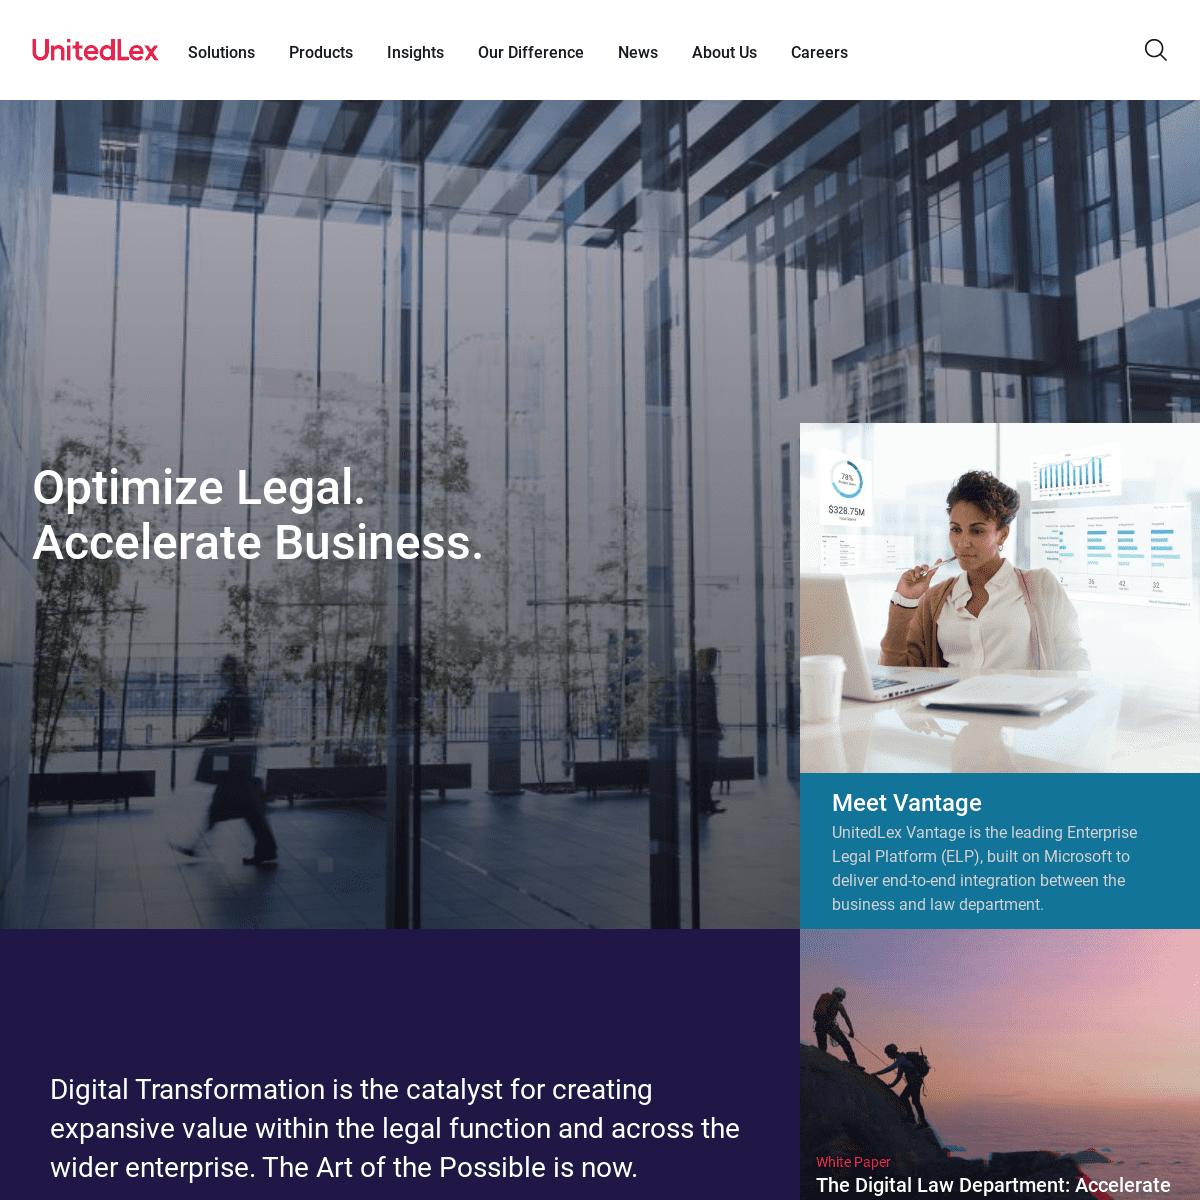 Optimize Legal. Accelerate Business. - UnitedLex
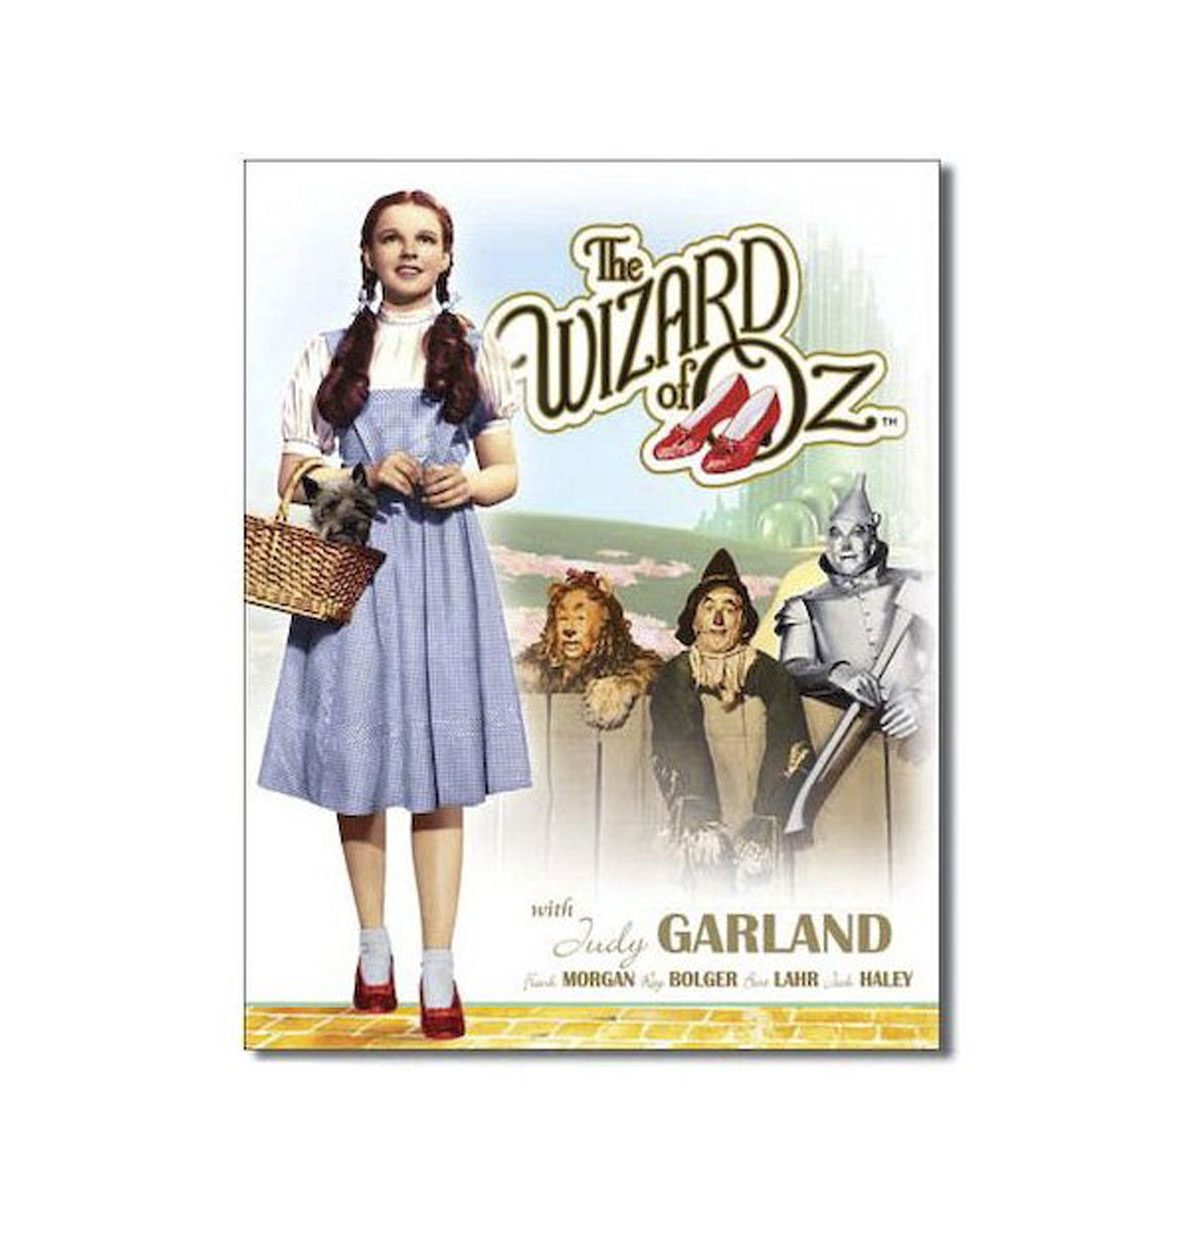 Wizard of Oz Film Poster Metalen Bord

********

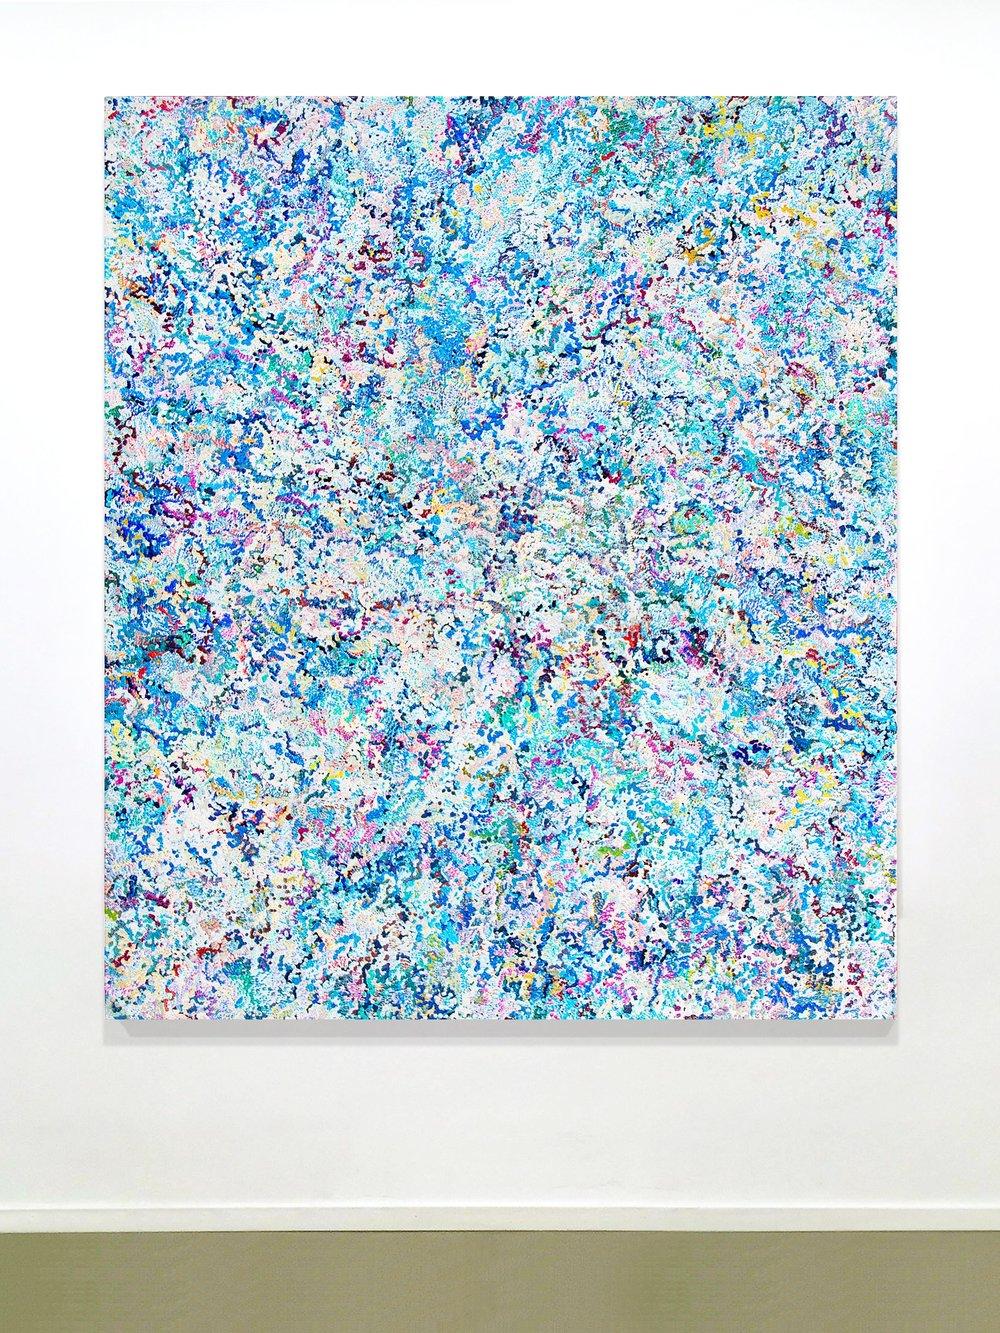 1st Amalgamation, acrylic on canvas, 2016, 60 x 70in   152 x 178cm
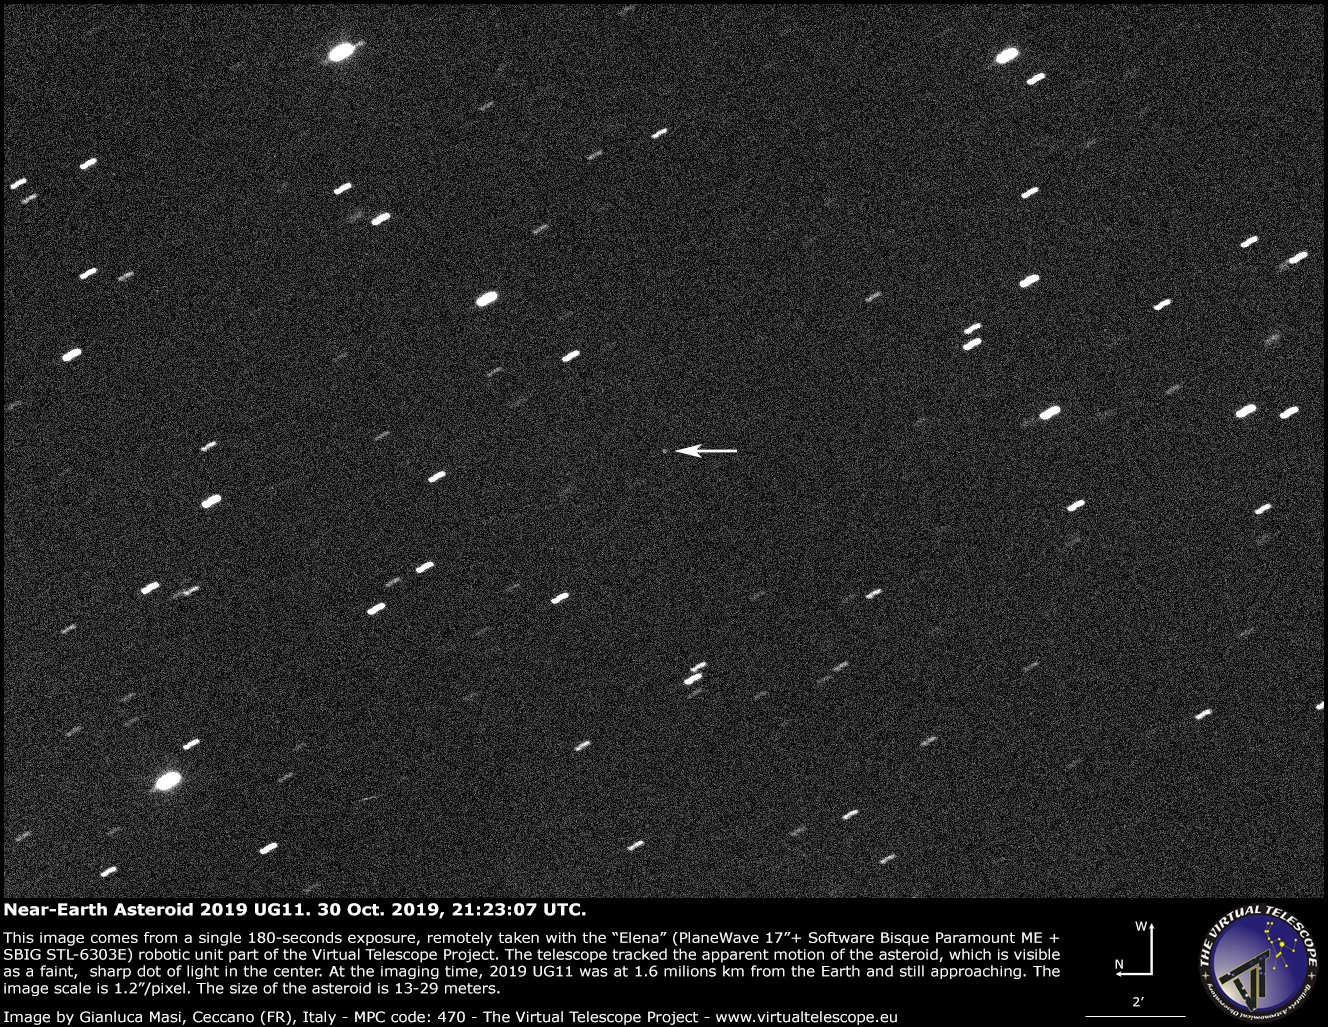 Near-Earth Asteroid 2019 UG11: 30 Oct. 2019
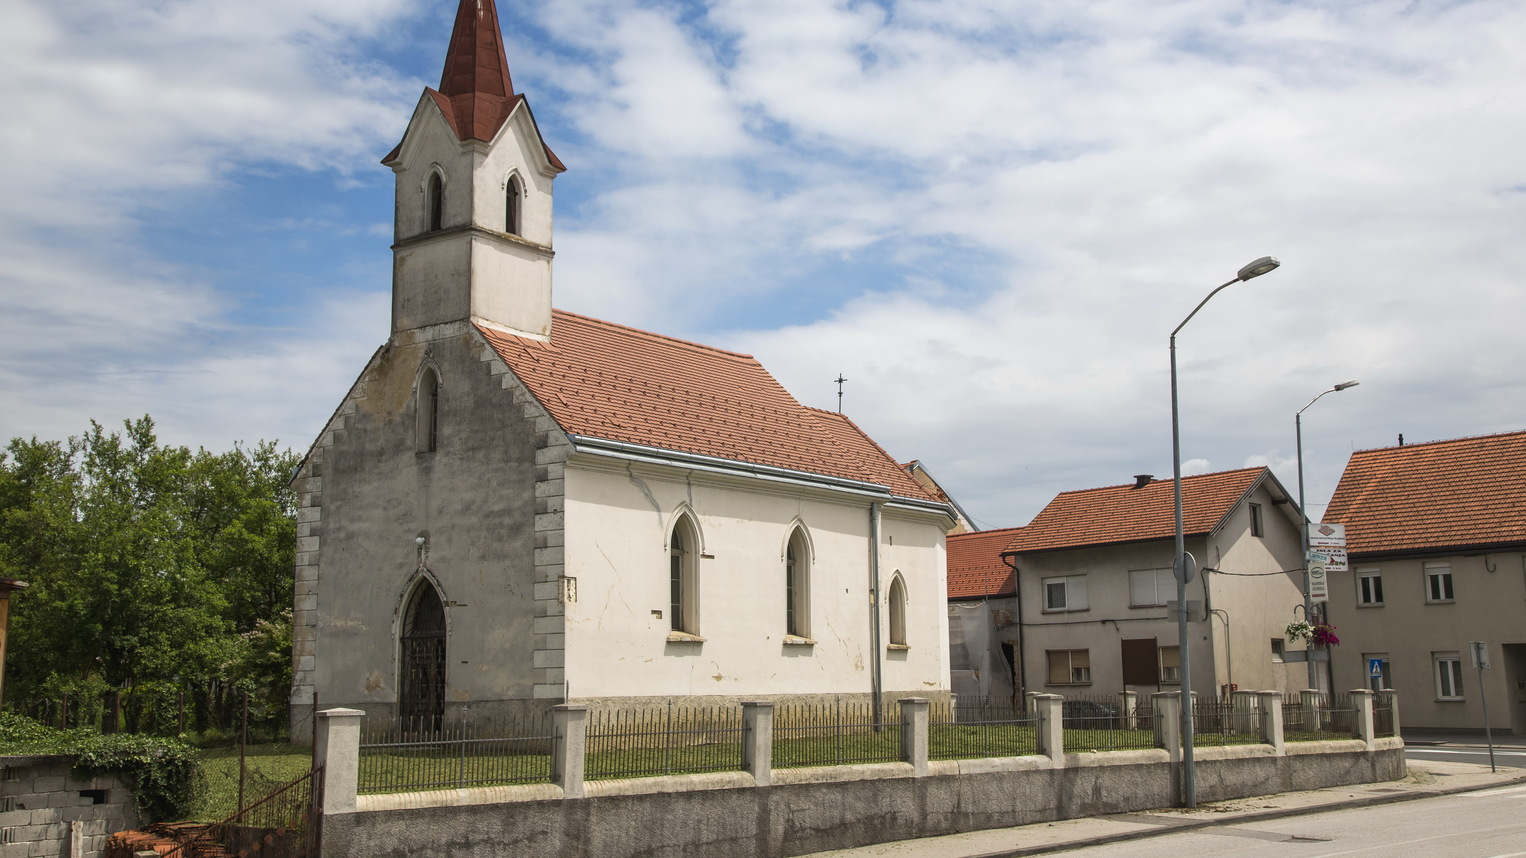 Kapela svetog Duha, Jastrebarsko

********

**Task to complete**
The data above holds the lines to copy: start at the one with "Optimize Legal. Accelerate", stop at the one with "Wizard of Oz Film Poster Metalen Bord", include both, copy them exactly without pictures, and copy nothing else.

**Your solution**
 Optimize Legal. Accelerate Business. - UnitedLex
 Wizard of Oz Film Poster Metalen Bord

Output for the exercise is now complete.